Re: [PySpark] Getting the best row from each group

Mich Talebzadeh Wed, 21 Dec 2022 07:27:40 -0800

OK let us try this

1) we have a csv file as below called cities.csv


country,city,population
Germany,Berlin,3520031
Germany,Hamburg,1787408
Germany,Munich,1450381
Turkey,Ankara,4587558
Turkey,Istanbul,14025646
Turkey,Izmir,2847691
United States,Chicago IL,2670406
United States,Los Angeles CA,085014
United States,New York City NY,8622357

2) Put this in HDFS as below

hdfs dfs -put cities.csv /data/stg/test

Read it into dataframe in PySpark as below

 csv_file="hdfs://rhes75:9000/data/stg/test/cities.csv"
# read hive table in spark
listing_df =
spark.read.format("com.databricks.spark.csv").option("inferSchema",
"true").option("header", "true").load(csv_file)
 listing_df.printSchema()
 print(f"""\n Reading from Hive table {csv_file}\n""")
 listing_df.show(100,False)

3) create  spark temp table from the Dataframe. I call it temp

 print(f"""\n Reading from temp table temp created on listing_df\n""")
 listing_df.createOrReplaceTempView("temp")

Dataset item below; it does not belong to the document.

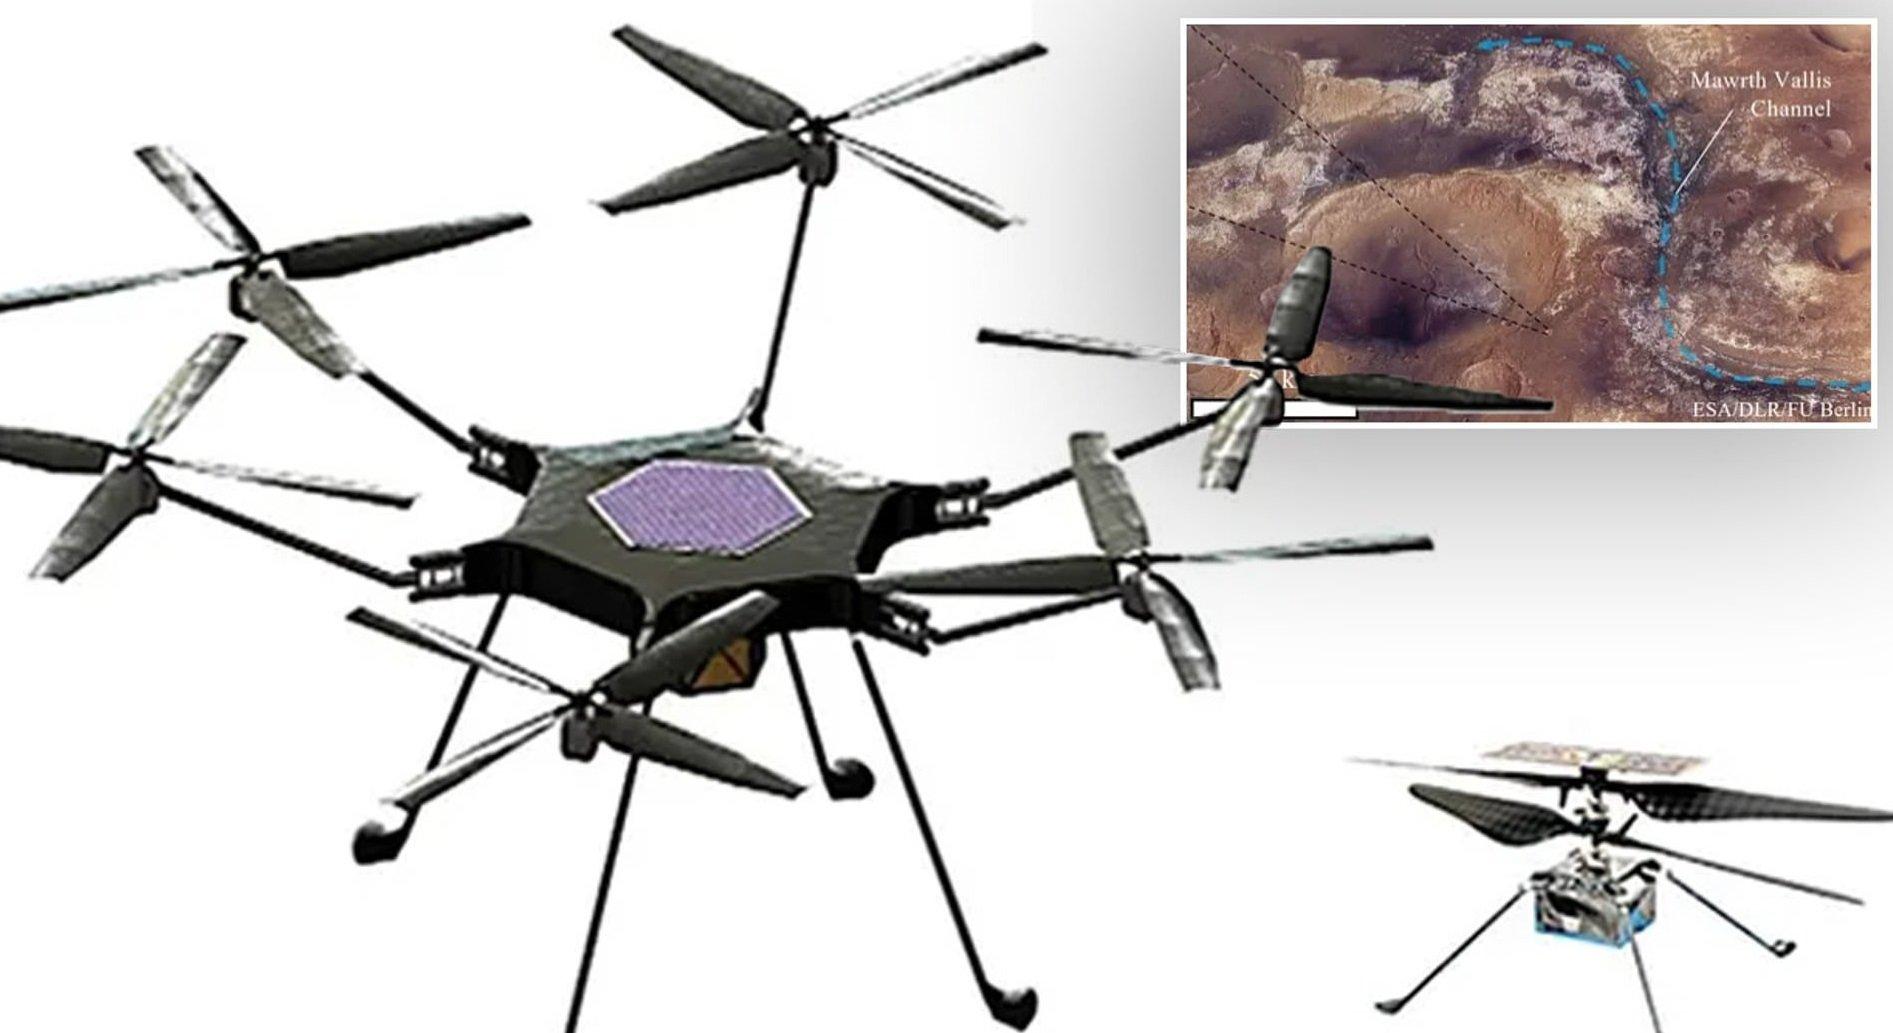 ناسا در حال طراحی هلیکوپتر جدید مریخی است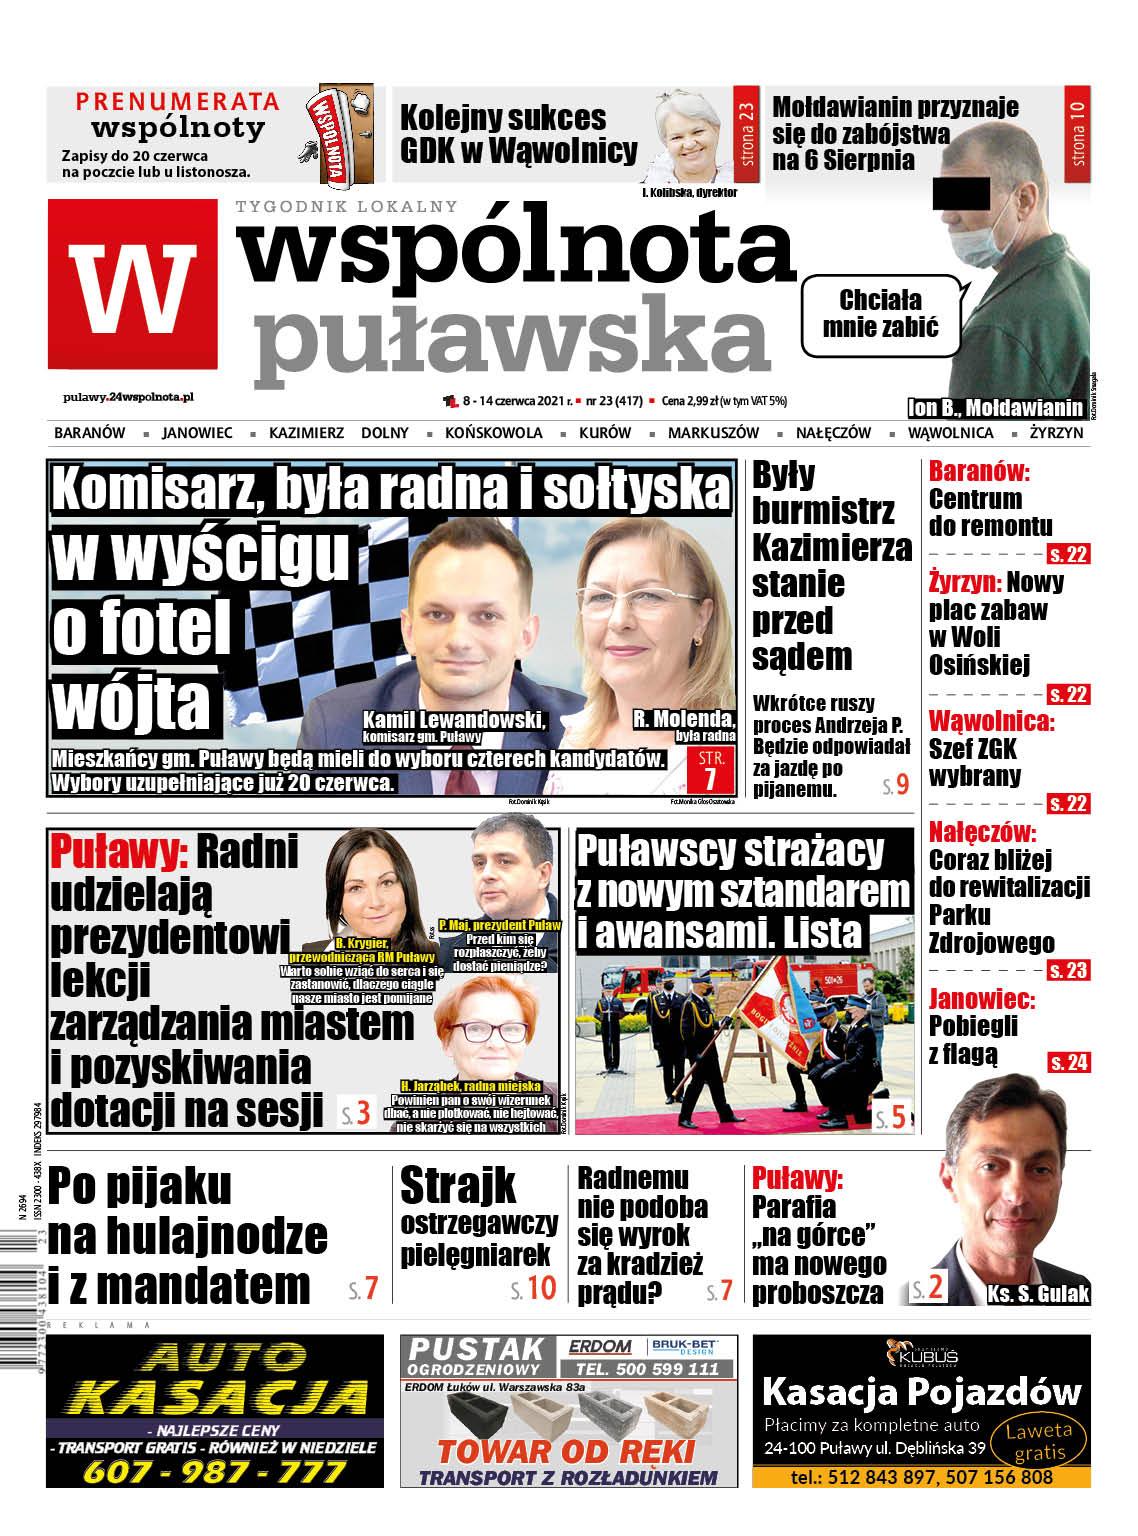 Komisarz, była radna i sołtyska powalczą o fotel wójta gm. Puławy? - Zdjęcie główne

4) use standard sql with windowing to get the result out

     sqltext = """
    SELECT country, city
    FROM
    (
    SELECT
              country AS country
            ,  city AS city
            , DENSE_RANK() OVER (PARTITION BY country ORDER BY population)
AS RANK
            , max(population) OVER (PARTITION by country ORDER BY country,
city) AS population
    FROM temp
    GROUP BY country, city, population
    )
    WHERE RANK in (3)
    ORDER by population DESC
    """
    spark.sql(sqltext).show()

4) let us test it

root
 |-- country: string (nullable = true)
 |-- city: string (nullable = true)
 |-- population: double (nullable = true)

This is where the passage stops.